From Williamstown, Davies played in the TAC Cup for the Western Jets. His courageous ability as an in-and-under player got his name on the list, and was drafted as a rookie by Collingwood in late 2004. His skills were ordinary, but Davies earned an unexpected promotion early on in the season for injured skipper Nathan Buckley who would be put on the long-term injury list. He made his Australian Football League (AFL) debut soon after in Round 7 against Fremantle at Subiaco Oval and showed he was a ball winner, having 14 touches in the first half.

His debut season was good enough for him to be elevated on the senior list from the rookie list for season 2006, where he played mostly in the Victorian Football League (VFL), managing only five senior appearances. During 2007 he won the Best and Fairest at the Williamstown Football Club but did not convince the Magpies he should be retained for the 2008 season. On 12 October 2007, Ben was traded to the Kangaroos in exchange for their round six selection (selection 96 overall). He made his debut for North Melbourne in Round 11 of the 2008 season, against Geelong.

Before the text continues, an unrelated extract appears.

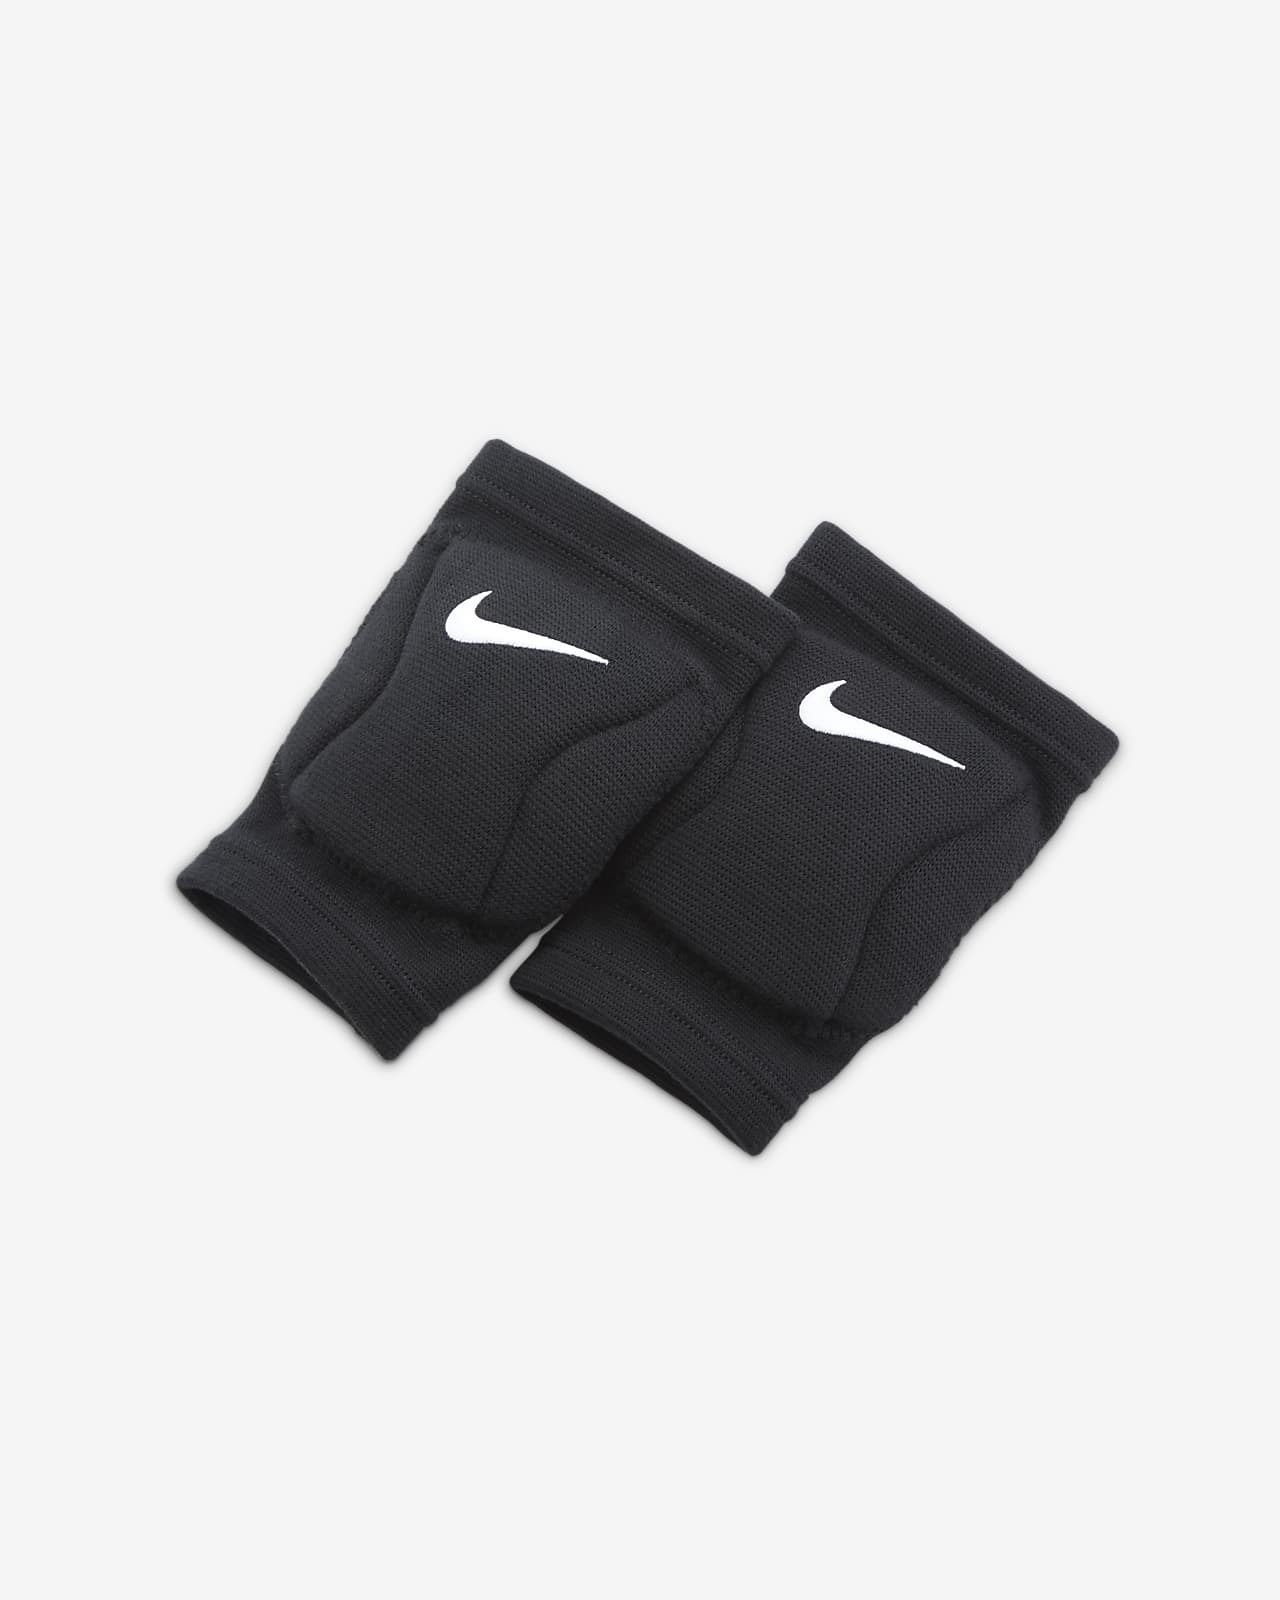 Nike Streak Kids' Volleyball Knee Pads
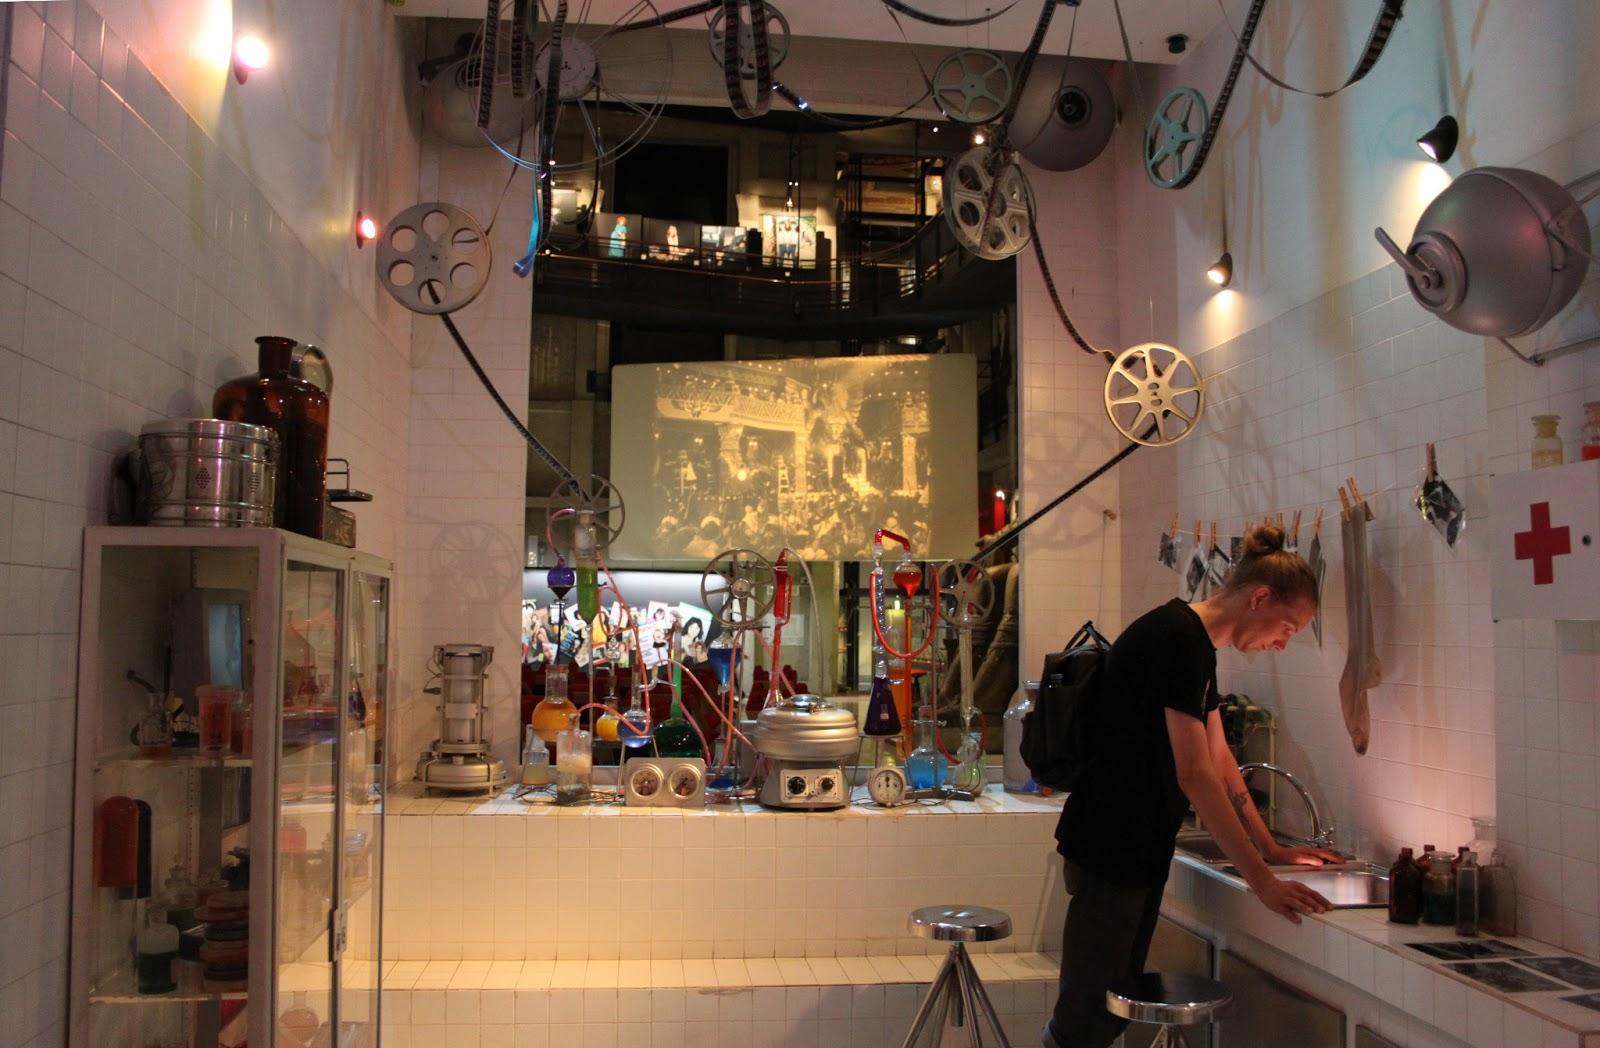 Museo Del Cinema.The Cinescapader Visiting Museo Nazionale Del Cinema In Turin Italy

Davies was delisted at the end of the 2008 season, and then played for Williamstown in the VFL. Davies played for Williamstown when on Collingwood's list from 2005-07 and then played again from 2009-11 before transferring to Wangaratta for two seasons. He returned to Williamstown for one final season in 2014. In total, Davies played 126 games for the VFL Seagulls and kicked 54 goals, including the 2011 grand final against Port Melbourne at Docklands Stadium. Apart from the Club best and fairest in 2007, Davies finished equal third in the count in 2010 and represented the VFL the same year. He also made the VFL Team-of-the-Year in 2010/11. Davies received life membership of the WFC in 2012.